§ **HOW TO COMPLETE THIS TASK**: All of the data that follows should be retyped exactly, please, except the pictures.

§ **DATA EXCERPT**:
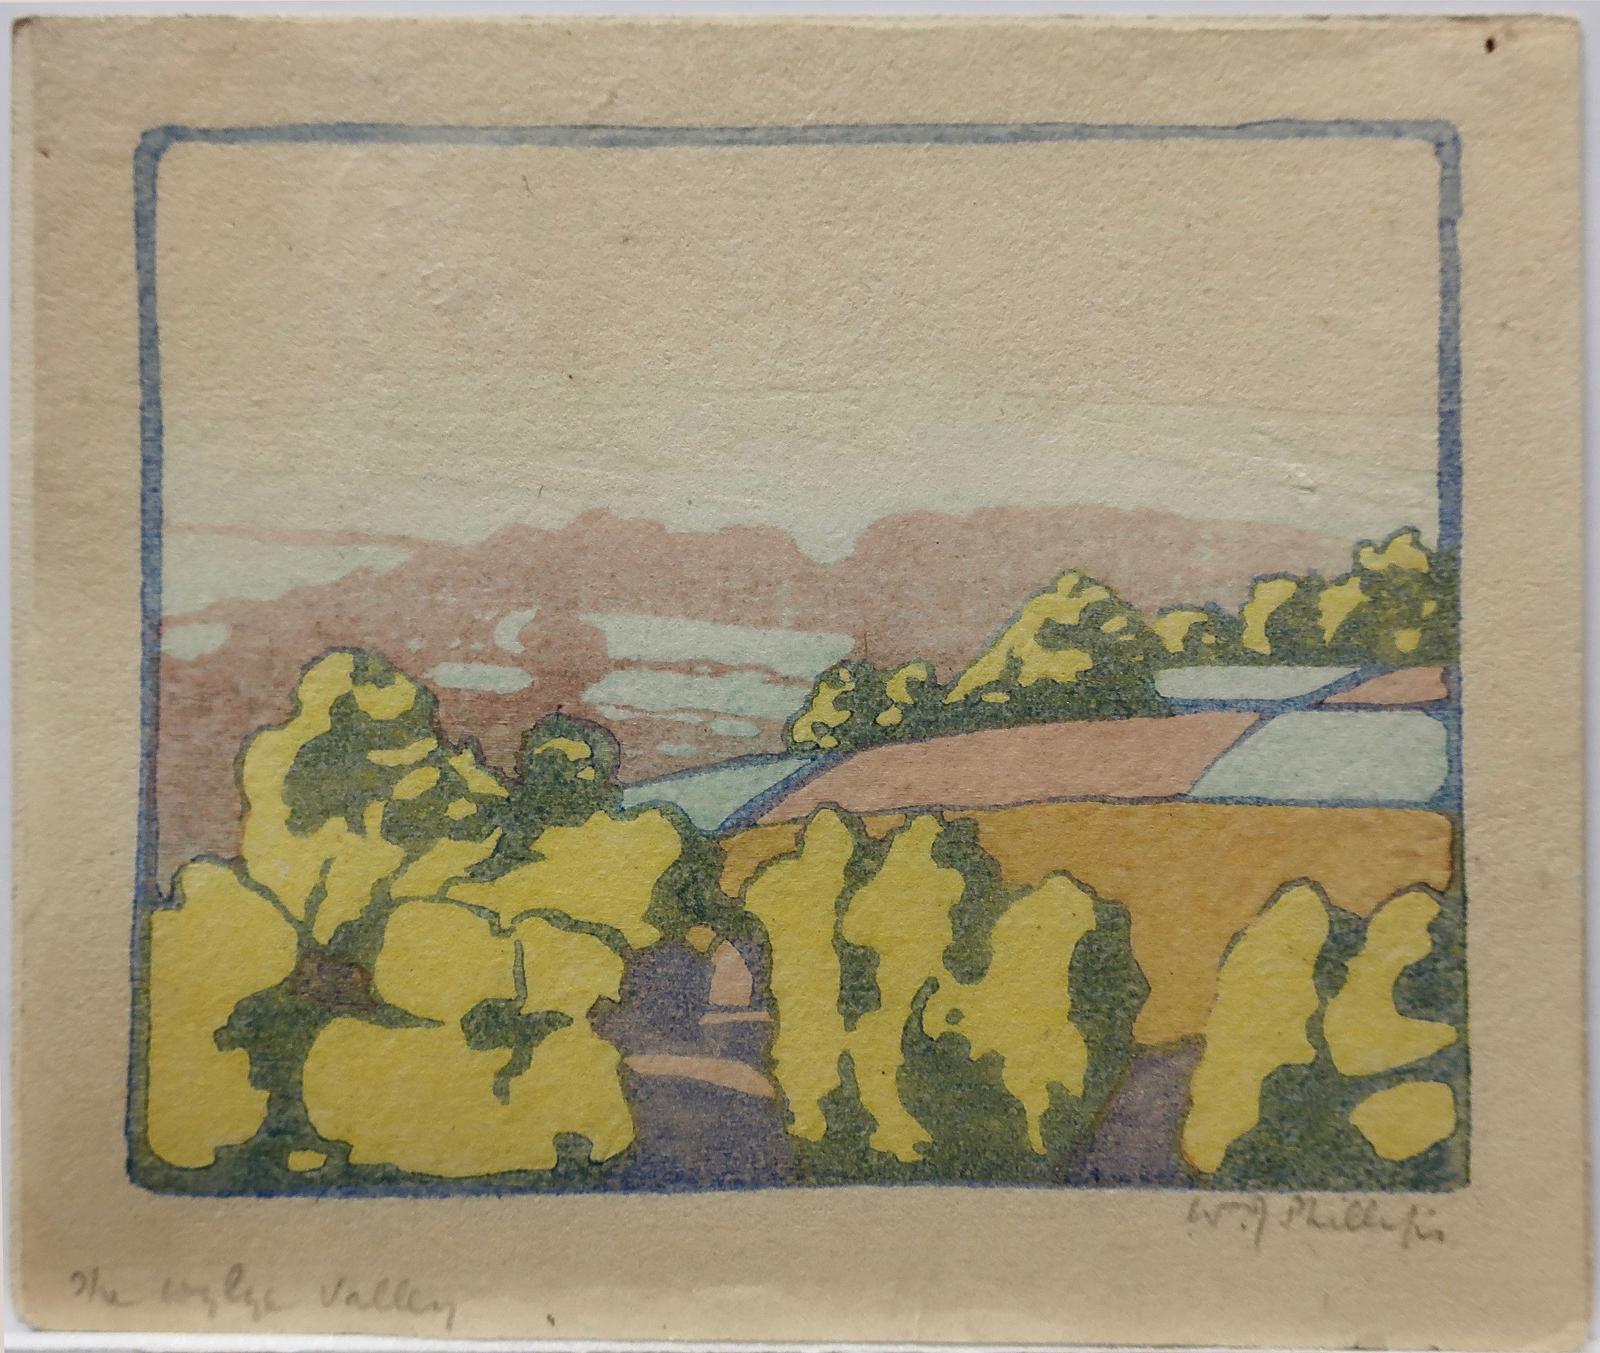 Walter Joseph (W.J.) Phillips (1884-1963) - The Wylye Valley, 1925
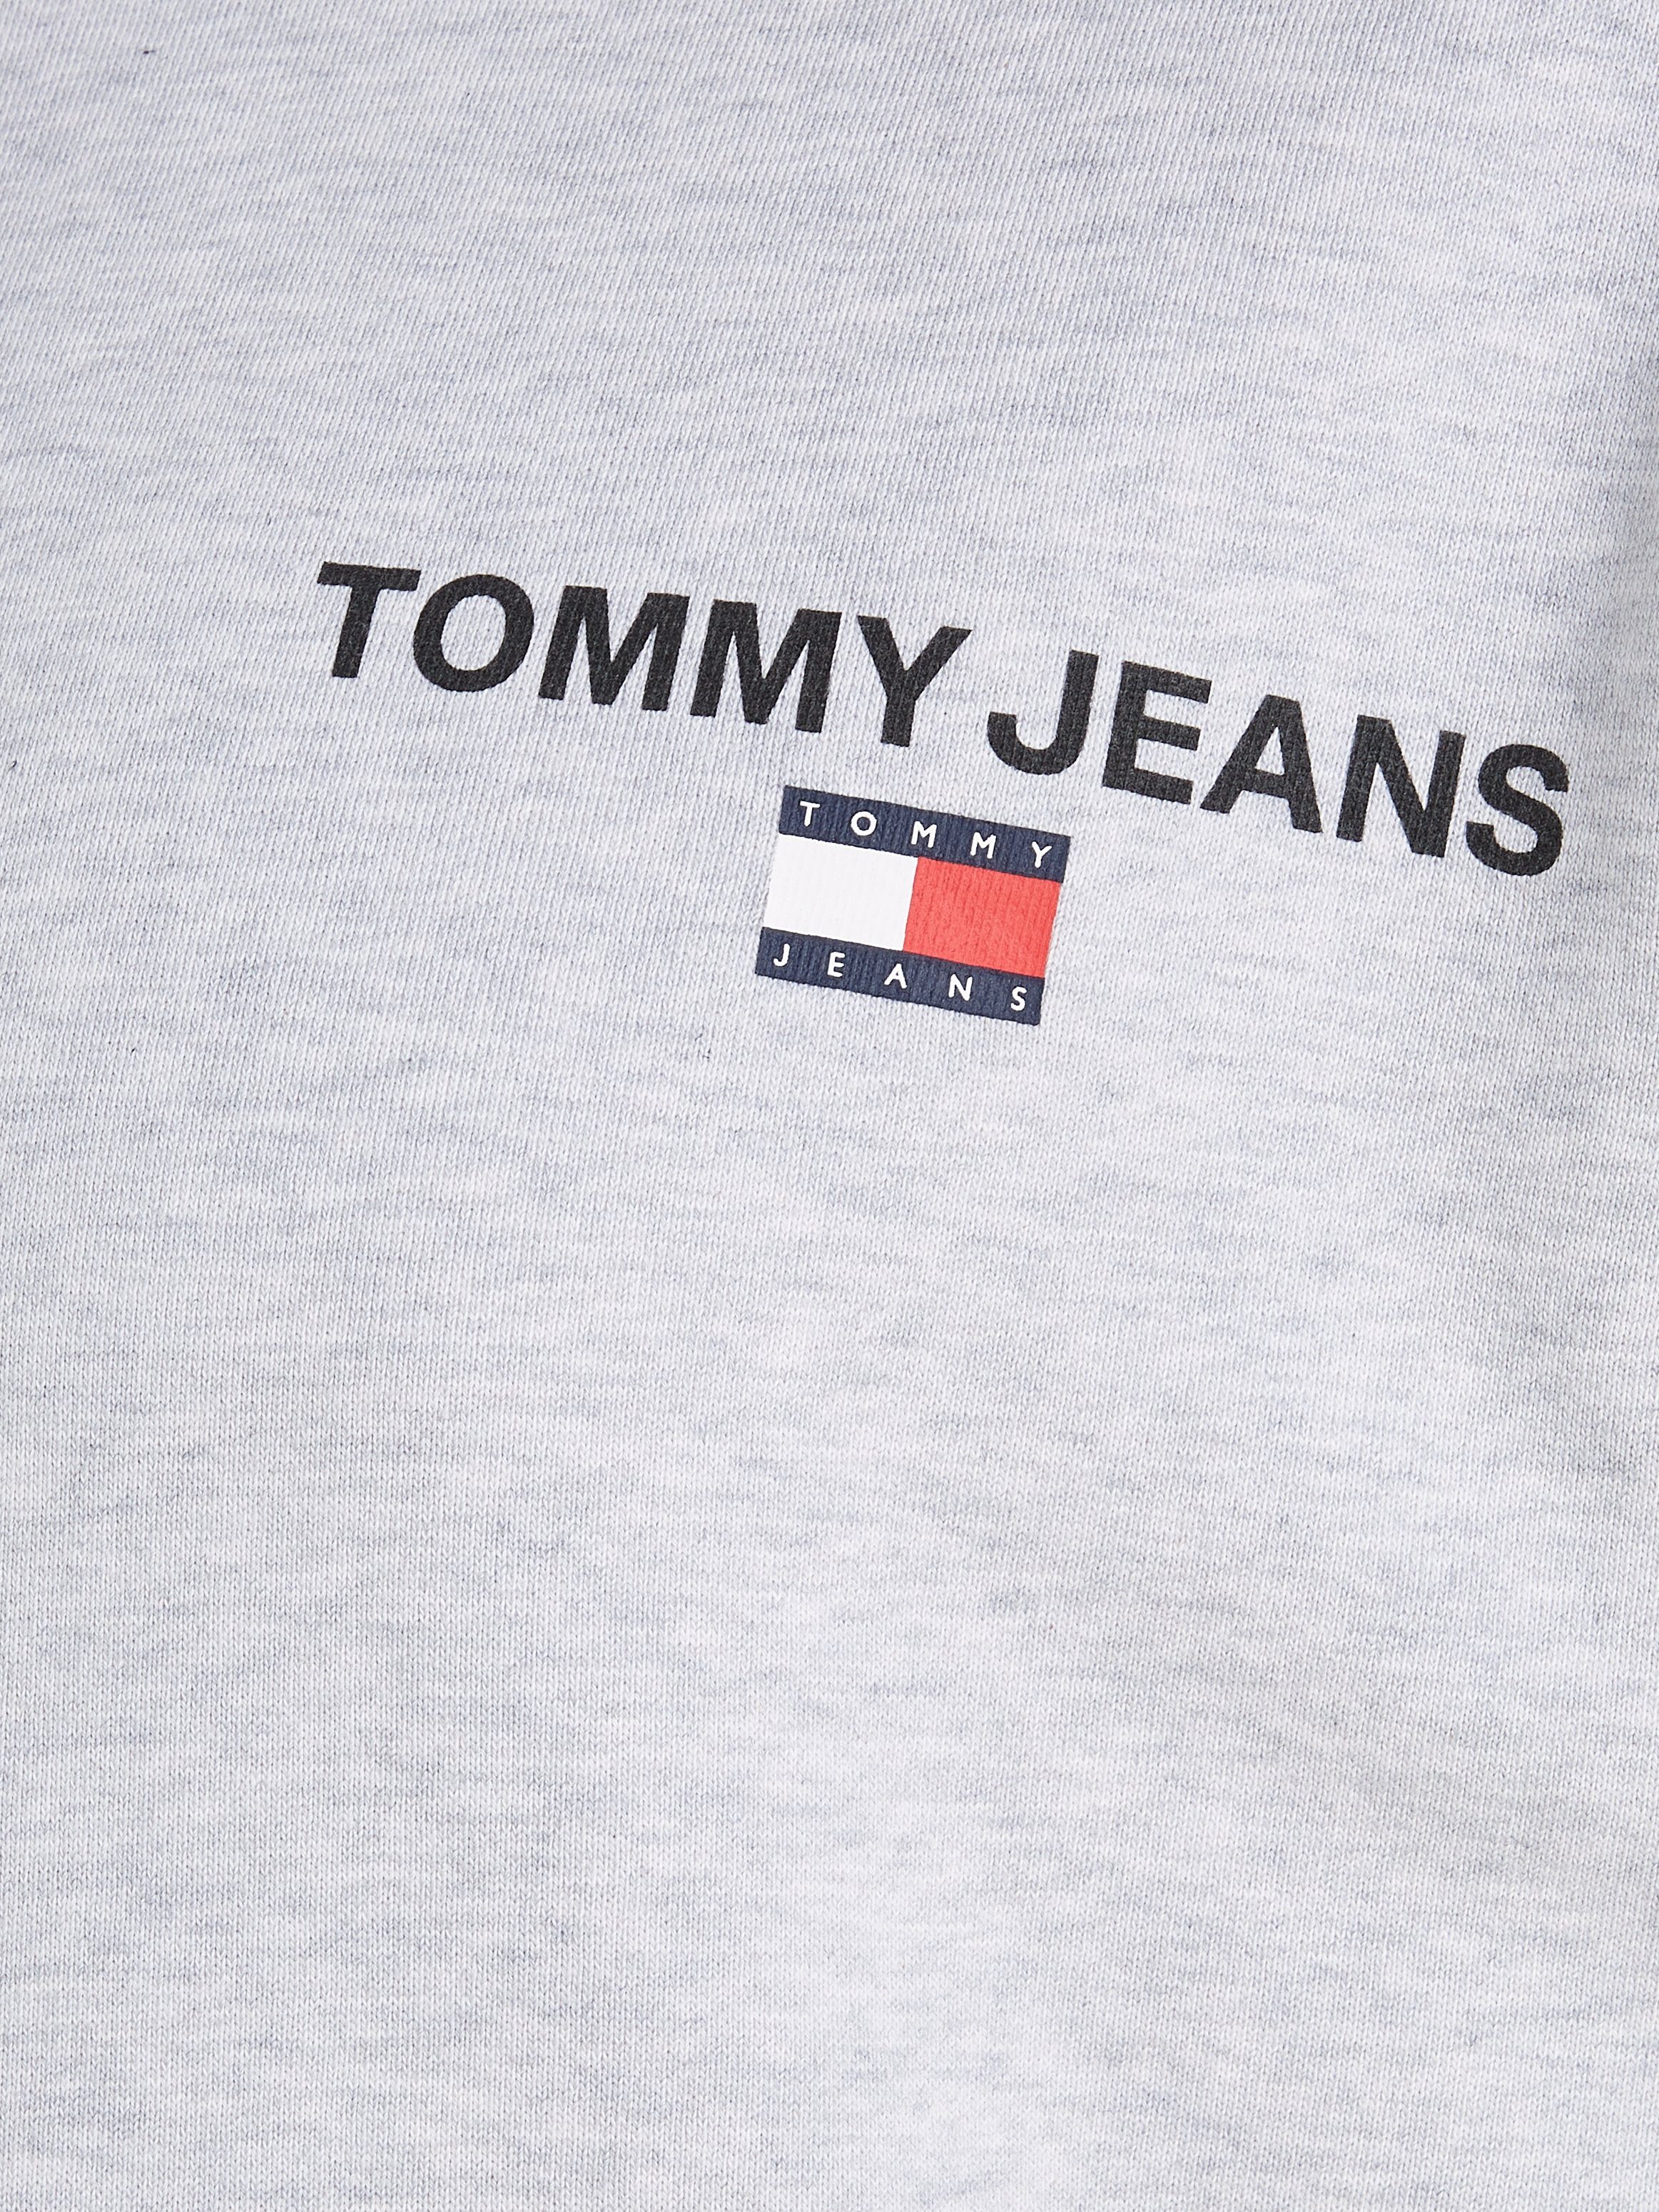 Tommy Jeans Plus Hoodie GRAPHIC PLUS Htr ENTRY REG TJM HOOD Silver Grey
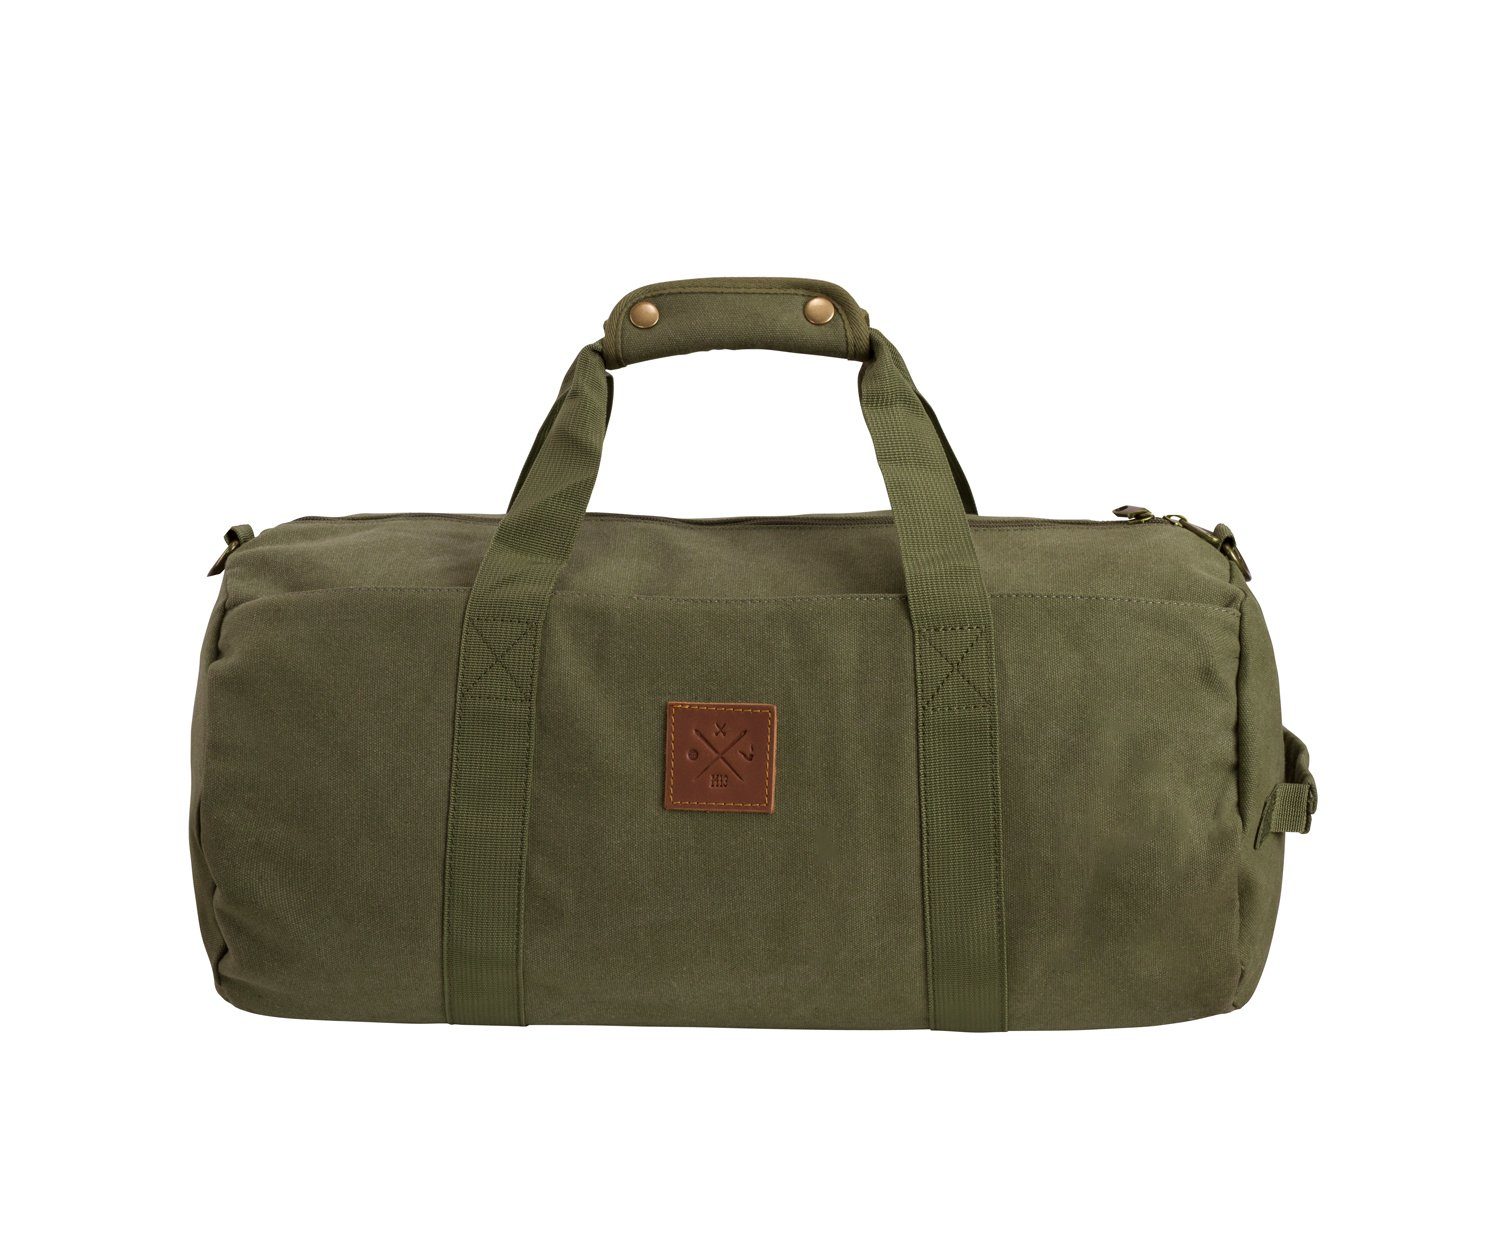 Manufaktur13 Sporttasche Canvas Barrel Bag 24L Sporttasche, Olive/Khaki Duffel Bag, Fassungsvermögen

§ **SOLUTION TO THIS EXERCISE**:
 Walter Joseph (W.J.) Phillips (1884-1963) - The Wylye Valley, 1925
 Tommy Jeans Plus Hoodie GRAPHIC PLUS Htr ENTRY REG TJM HOOD Silver Grey
 Manufaktur13 Sporttasche Canvas Barrel Bag 24L Sporttasche, Olive/Khaki Duffel Bag, Fassungsvermögen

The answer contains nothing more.